But I recovered. Recovered and remembered when they told me something about it. That's all.

... But what a pity that they were only machines!

=== Extracts from the protocol of the final Stalinabad commission's meeting ===
The commission investigating the Contact events managed to establish that the Aliens stayed on Earth for three days and caused no damage to the environment or humanity. The only case when a Soviet fighter opened fire on a Black Helicopter was provoked by humans. The spider-like machines probably represented "so-called ULMP — Universal Logical Machines with Unlimited Program, that is, cybernetic mechanisms capable in any situation of performing actions that are most logical and expedient from the point of view of their main program". The principle of their operation and the source of energy remained unknown: there were no traces of increased radioactive decay at the landing site. Based on the robots' reaction to humans, the commission assumed that the Masters do not differ much from earthlings but have far surpassed humans in the field of technology and cybernetics theory. The launch site of the space ark is unknown; the commission assumed that "it is not excluded that the giant laboratory has been wandering in Space for millennia or even tens of thousands of years and was launched from a very remote corner of the Universe". Apparently, it was this that was observed by employees of the Athens and Simeiz observatories.Lozovsky's heroic attempt to negotiate with the machines in the absence of their Masters was, of course, doomed to failure in advance. But he did a tremendous thing: he learned and told. Undoubtedly, this was a great feat worthy of a Soviet scientist, a representative of Humanity with a capital H...

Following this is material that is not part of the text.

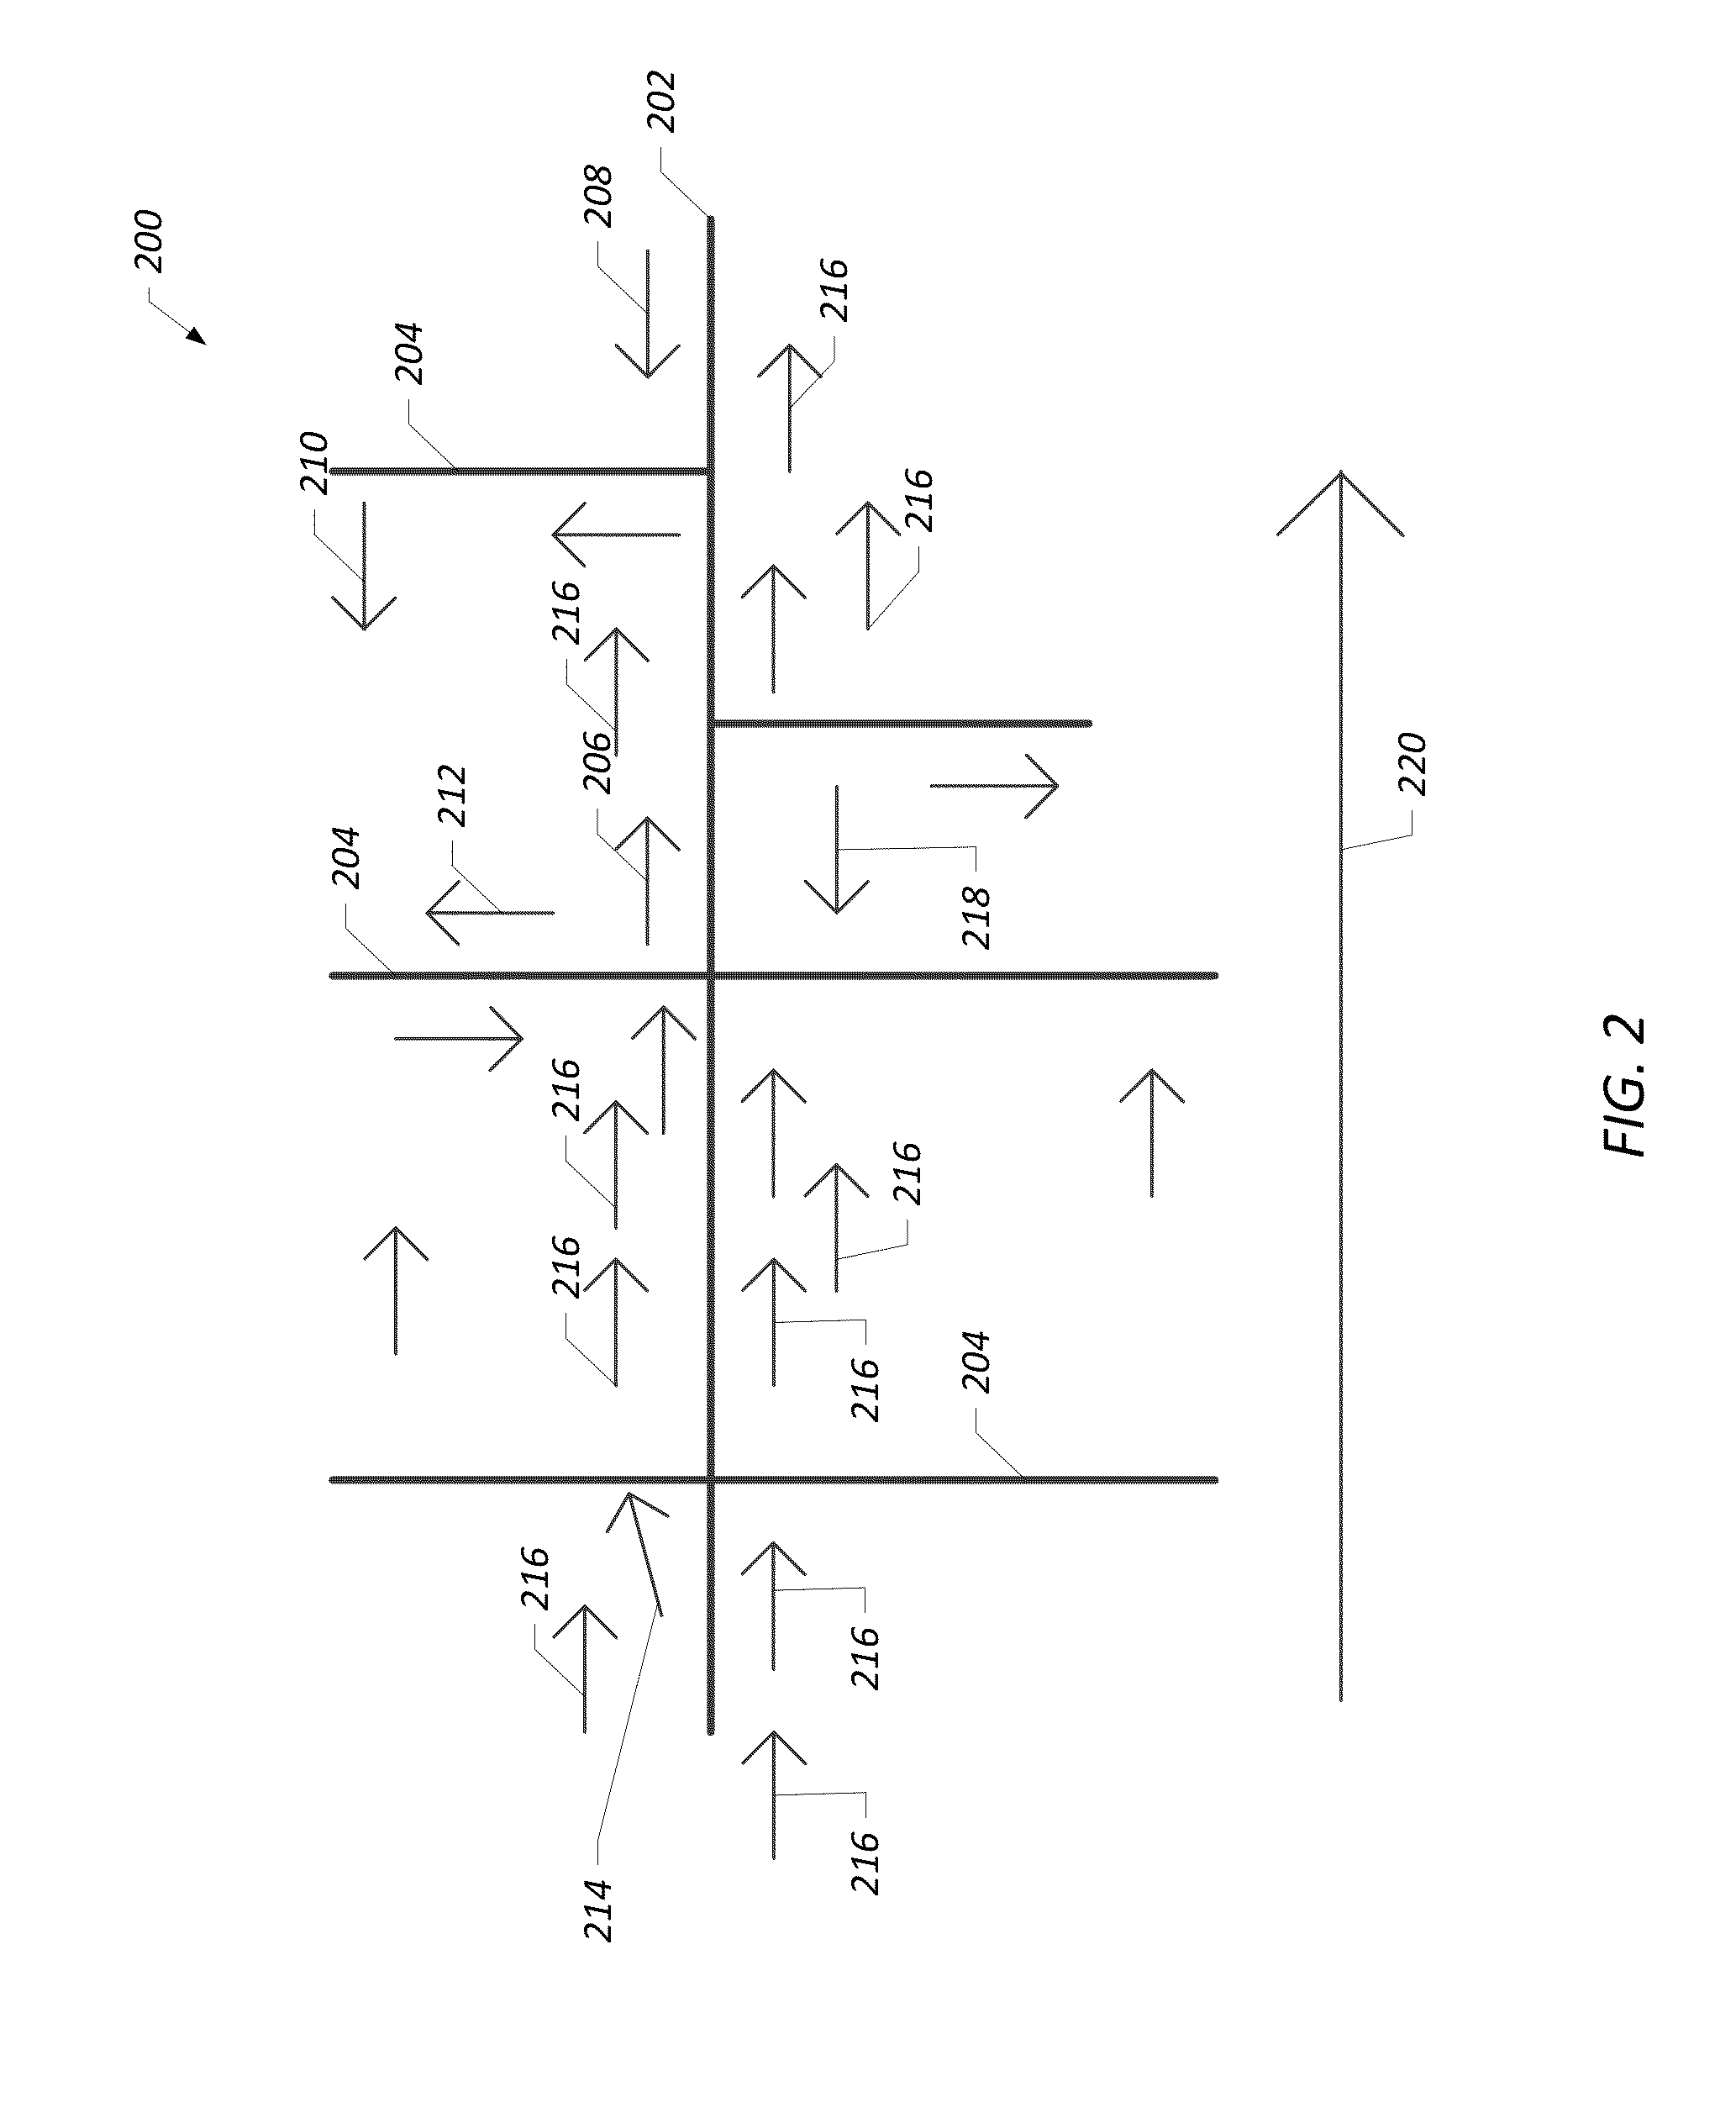 Systems, methods, and computer-readable media for verifying traffic designations of roads

== Creation and publishing ==
In the summer of 1957, Boris Strugatsky participated in archaeological excavations in the territory of the Tajik Soviet Socialist Republic and, based on fresh impressions, sketched a draft of the story "Aliens", which he immediately sent to his older brother Arkady Strugatsky. On August 31, Arkady Natanovich reported that the story From Beyond (this title is used for the first time) was still raw: "The everyday and local details are brilliant, but you handled the main task poorly. But the idea—the diary—is excellent: it gives many possibilities, and we will use them". In the same letter, it was reported that the novel Land of Crimson Clouds had been included in the publishing plan. On October 6, Arkady Natanovich evaluated the story somewhat differently: "You gave a completely brilliant composition and two effective and excellently written scenes," and the elder of the Strugatskys "eliminated some inconsistencies, 'non-playing' moments," and signed the final text with the names of both co-authors. On October 14, the manuscript was submitted to the editorial office of the magazine Tekhnika Molodyozhi, and Boris Strugatsky did not like the resulting text, including its "dryish" style. Arkady Strugatsky objected that "in such circumstances, it would be wrong to spread it out," and called the story "not bad". In a letter dated October 24, the elder Strugatsky proposed creating a full-fledged novel based on From Beyond; this idea arose after a conversation with an unnamed employee of Molodaya Gvardiya, who complained about the "lack of simple Soviet science fiction writers".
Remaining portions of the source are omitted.